Her girlish figure as she stood with one arm clasping the rock beside her, looked a slight enough obstacle in the path.
"Intimidate him! A parcel o' rubbish; who's goin' to intimidate him as you call it. Get out o' the way, and don't go meddling in men's concerns that you know nothing about."
He seized her wrist roughly, and with her precarious footing the position was dangerous enough: but she clung with her other arm like a limpit to the rock. He attempted to dislodge her, when she suddenly turned and fled back on her own accord. He hastened after her, and it was not till he had gone some yards that, putting his hand to his belt, he found that the knife had gone.
"The jade," he muttered, "she did it on purpose," and even with his hatred and malice was mingled a gleam of admiration at the cleverness that had outwitted him. He hurried on towards the cliff path, but the sunset light was already fading into dusk, and he had to choose his footing more carefully. When he reached the point where the rope began, Marie had already gone down and was leaning on the rock beside her father. Had he been near he might have noticed a strange expression in her eyes, as she furtively watched the precipitous descent. The purple shadows now filled both sky and sea, and the island opposite reared its grand outline solemnly in the twilight depths, as though sitting in eternal judgment on the transient ways of men. The evening star shone softly above the sea. Suddenly a crash, followed by one sharp cry, was heard; then all was still.

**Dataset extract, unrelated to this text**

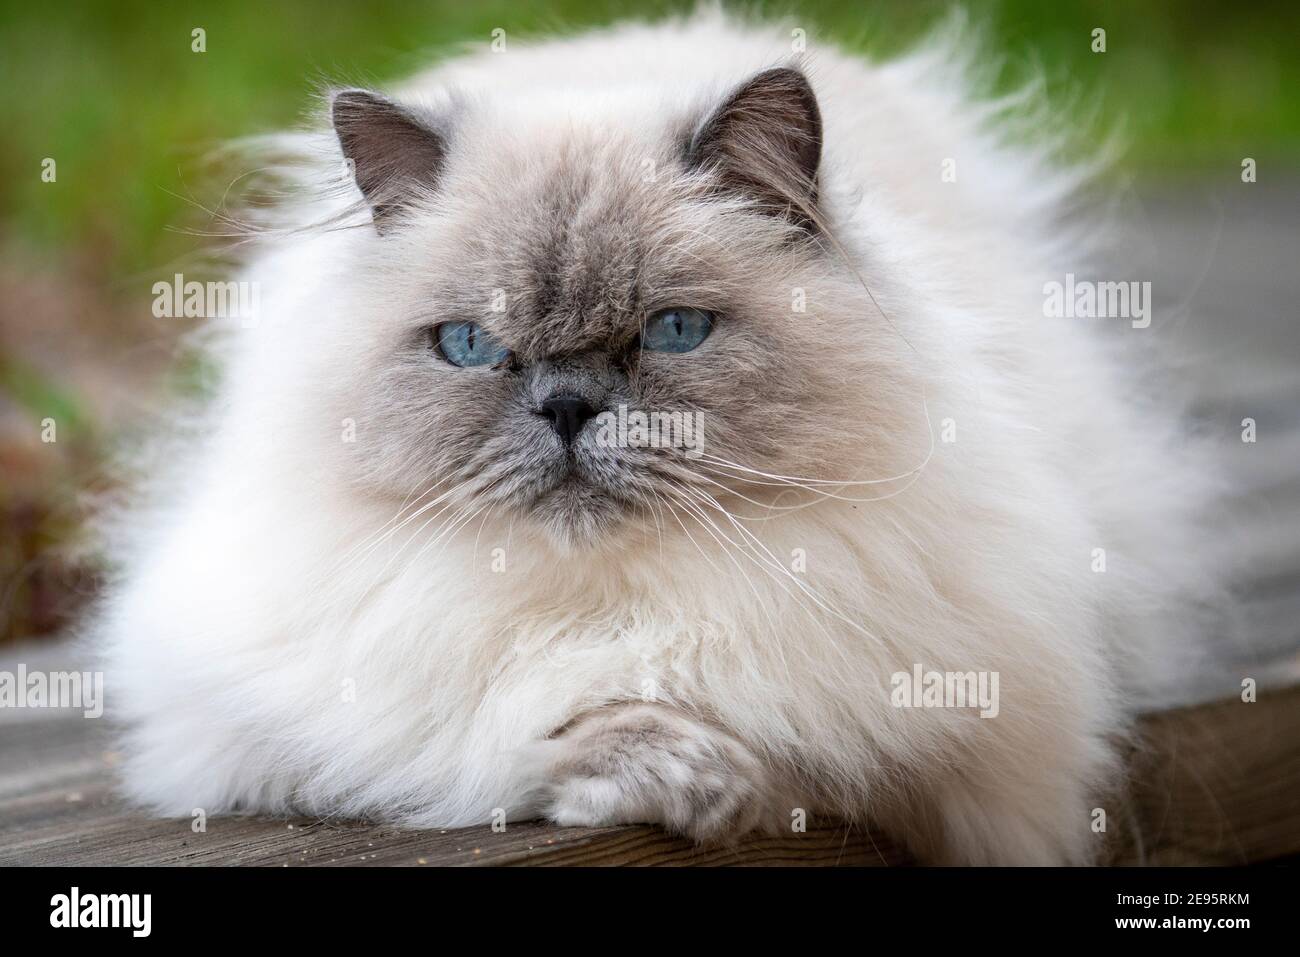 Schöne Erwachsene Ragdoll Katze mit neugierigen blauen Augen und flauschigen weißen Fell Blick auf die Kamera mit geneigtem Kopf. Stockfoto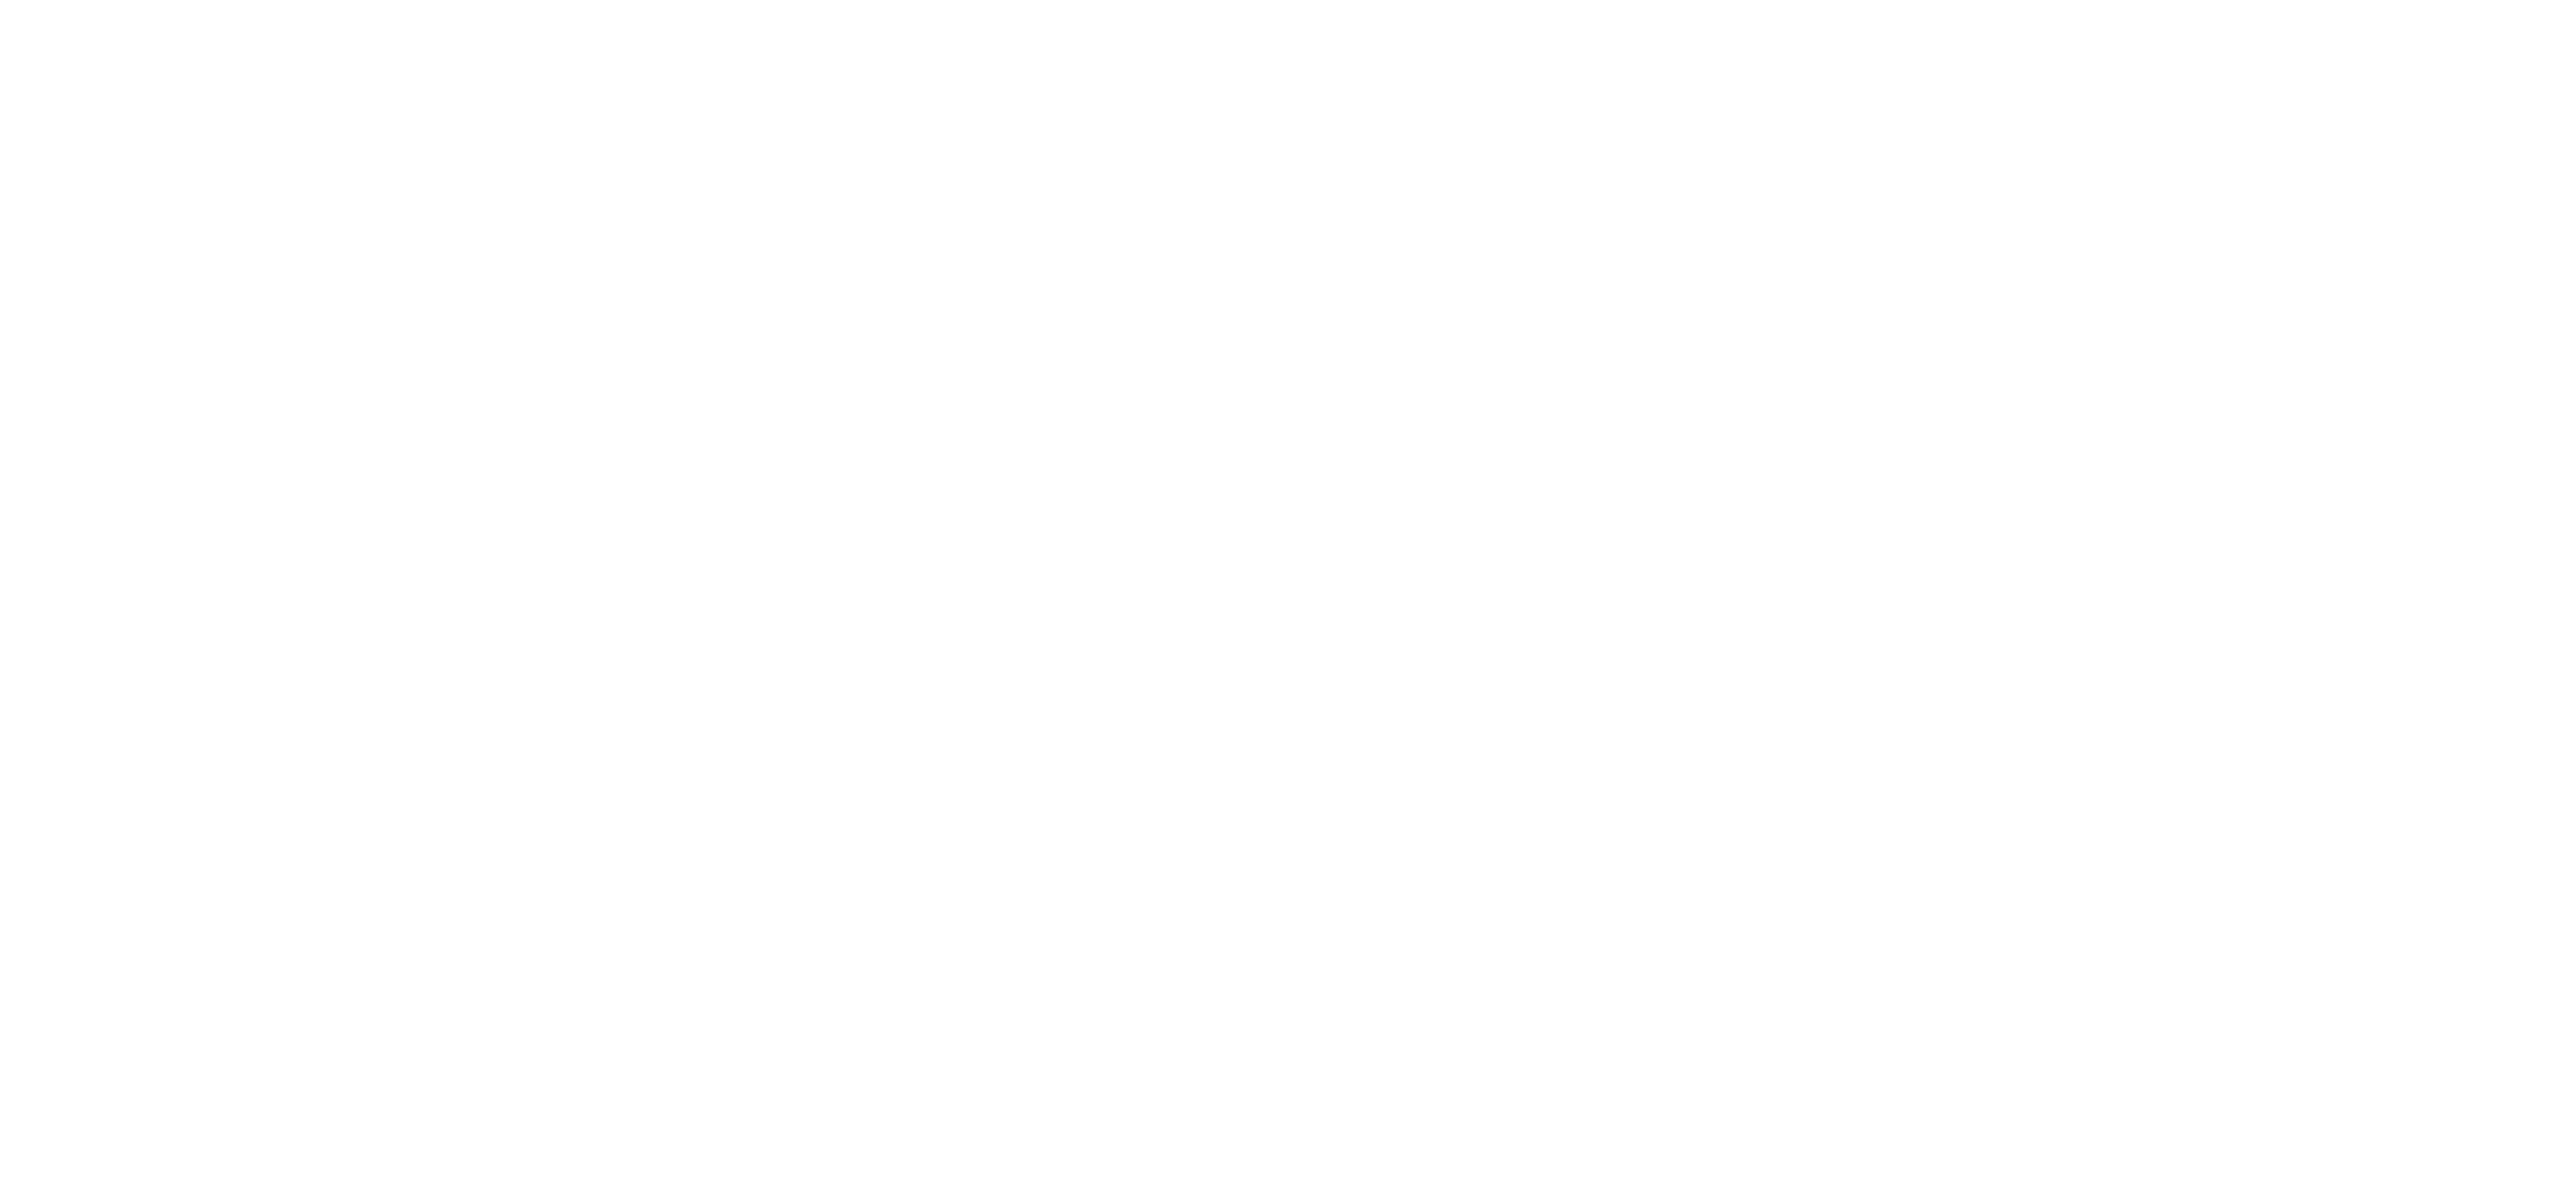 Decor & More

"Good God! That's some one fallen down the path—why don't you go and see, child?" but Marie seemed as if she could not stir. Old André slowly dragged himself on to his feet, and took her arm, and they went together. At the foot of the path they found the body of Pierre, dead, his head having struck against a rock.
"He must have missed his footing in the dark," said André, when they had rowed round to the fishing village to carry the news, and the solitary constable had bustled forth, and was endeavouring to collect information about the accident from the only two witnesses, of whom the girl seemed to have lost the power of speech.
"He must have missed his footing in the dark; and then the rope broke with his weight and the clutch he give it. It lies there all loose on the ground."
"It shouldn't have broken," said the constable. "But I always did say we'd ought to have an iron chain down there."
Chapter III.
Fifty years had passed, with all their seasons' changes, and the changing life of nature both by land and sea, and had made as little impression on the island as the ceaseless dashing of the waves against its coast. The cliffs, the caves and the sea-beaten boulders were the same; the colours of the bracken on the September hills, and of the sea anemones in their green, pellucid pools, were the same, and the fishermen's path down to the cove was the same. No iron chain had been put there, but the rope had never broken again.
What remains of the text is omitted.